So San Angelo is not the be all, end all of places we'd like to end up retiring to, but you could do so much worse. So much of rural Texas is plagued not by armed robberies but by thieves who strike your car when you're out fishing somewhere nice. So many folks who live in rural Texas these days become victims of copper wire thieves as well as just regular meth head home burglers.  So it helps to know the social problems and crime problems that affect any area where you're considering buying a rural place.

Of course, in a perfect world, we'll find a place between 10 and 20 acres, some cleared and most wooded. It'll have some running water, and although I'm totally into small river and big creek fishing on a regular basis, I also would like to have my own pond/lake of an acre or two. As I mentioned, it's not unheard of to have several springs on properties that have live water coming through them, and a nice pure spring would be great for not only filling a lake but also diverting to a purification systems for water for the house.

Having a spring fed lake would enable you, in the right circumstances, to stock trout that might last near year round. Certainly, small mouth bass could last year round in such a small lake if springfed.

So we're looking around using all the ways we know how to. Local newspapers that are online. The various for sale by owner and real estate agent listings, ebay, craigslist and others.

We're flexible about a structure, if any. We'd prefer to have some kind of functional dwelling there, even a mobile home or travel trailer.  We plan to build our own house, and if in Central Texas or the Hill Country, it will be a rock home. We've come across a few tracts that have burned out rock shells of homes, just add plumbing, electricity, a roof, some windows and doors, flooring, but the shell of the home is already there.

Again, we're flexible. I'm hopeful of a big enough tract with enough springs and an existing pond or lake. To me, any pond over 2 acres is a lake. I'd like to have enough land to expand that pond or lake (also called a tank, as in a tank for cattle to water at) with a sort of canal system.

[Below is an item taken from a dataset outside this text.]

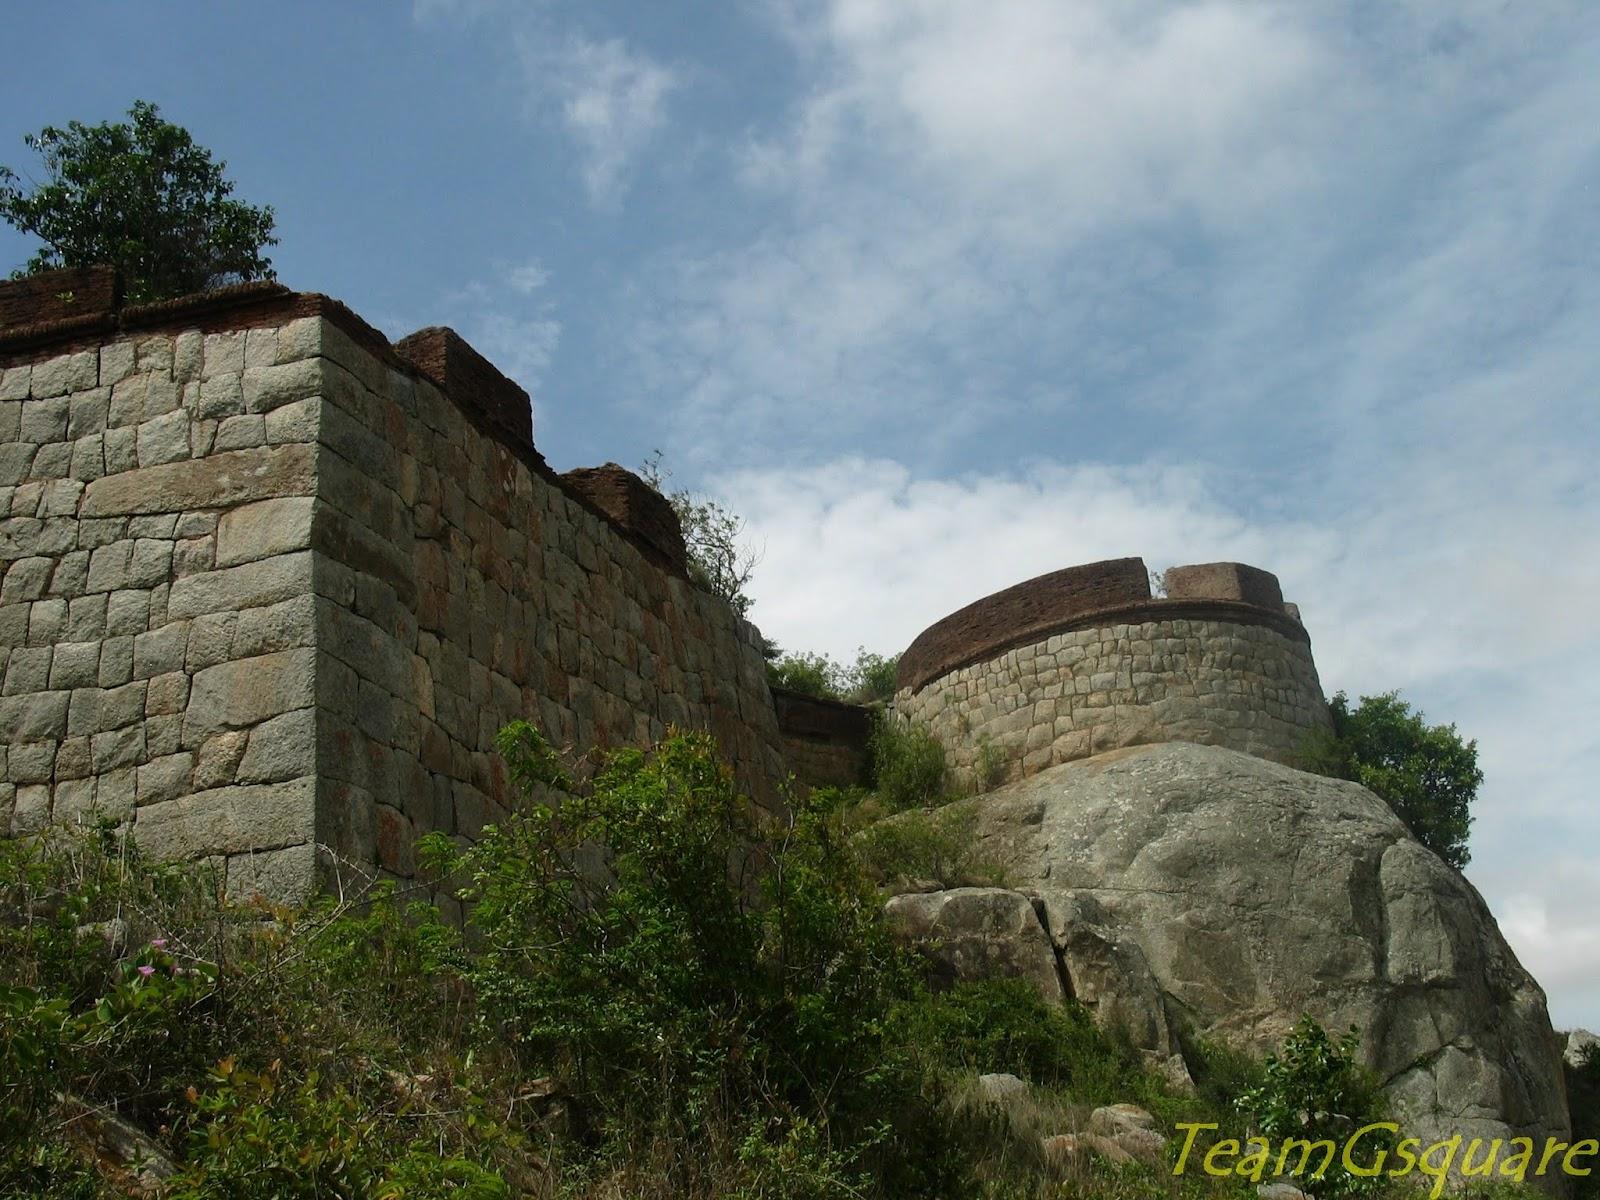 Rehmangarh

When I was growing up, there was a place nearby that had a huge lake, probably about 3 acres, that had a huge canal system that resembled a creek that ran out of one end of the lake and meandered around over the acreage and then joined back up at  the other end of the lake.

We got permission to fish and shoot there, as the owner wasn't running cattle on it anymore. We fished that lake and canal for years and years. We had nice fishing spots at several points on the canal, and built seats and even a fish house and pier at one part of a big lagoon in the middle of the canal length.

Another thing I'd like to have is a small boat house or pier house with a pier extending into the lake.  One of my redneck friends who lives in East Texas found it too expensive to have a large pier and pier house built on his exisiting lake, so he built a small pier and bought a used barge/houseboat affair and put a 5 h.p. motor on it and a bunch of trolling motors and batteries. He's got about a 2 acre lake, and just takes the houseboat all round the lake, fishing and swimming and such.

I know another fellow who father gave him an old sailboat they had, a Hunter 22 or 25 as I recall. It had a marine head, a nice small galley and had a small outboard and even an air conditioner on top of the cabin. My friend ended up putting that boat in his 1 acre or so lake, as sort of a houseboat. He couldn't sail it on that lake, but it made a nice fishing spot and place you could spend the night on the water. It was powered by some ancient tiny outboard I believe was called the Mighty Mite.

It was a pretty cool setup. You could sleep six comfortably in that sailboat, with two in the bow compartment, two on the converted dining table, bed, and one berth on each side of the aft or the boat, underneath the crew compartment above.

In my youth, when lucky enough to spend the night on the boats of friends, it was nice to sleep on one of the crew compartment bench seats in nice weather. Throw your sleeping bag on the padded seat and sleep away. You were down in the compartment so there was no way a wave in Galveston Bay would knock you out of the boat whilst snoozing.

With a sailboat, when the main sail is furled around the boom, you can stretch a canopy across the top, which provides shade and rain protection. Likewise, on top of that canopy, you can have roll down sides as well as mosquito netting if those critters are around. I thought it was a pretty neat setup. It was his man cave on his East Texas lake.

Anyway, those are some of the possibles for the future place. I'll keep you posted on the search.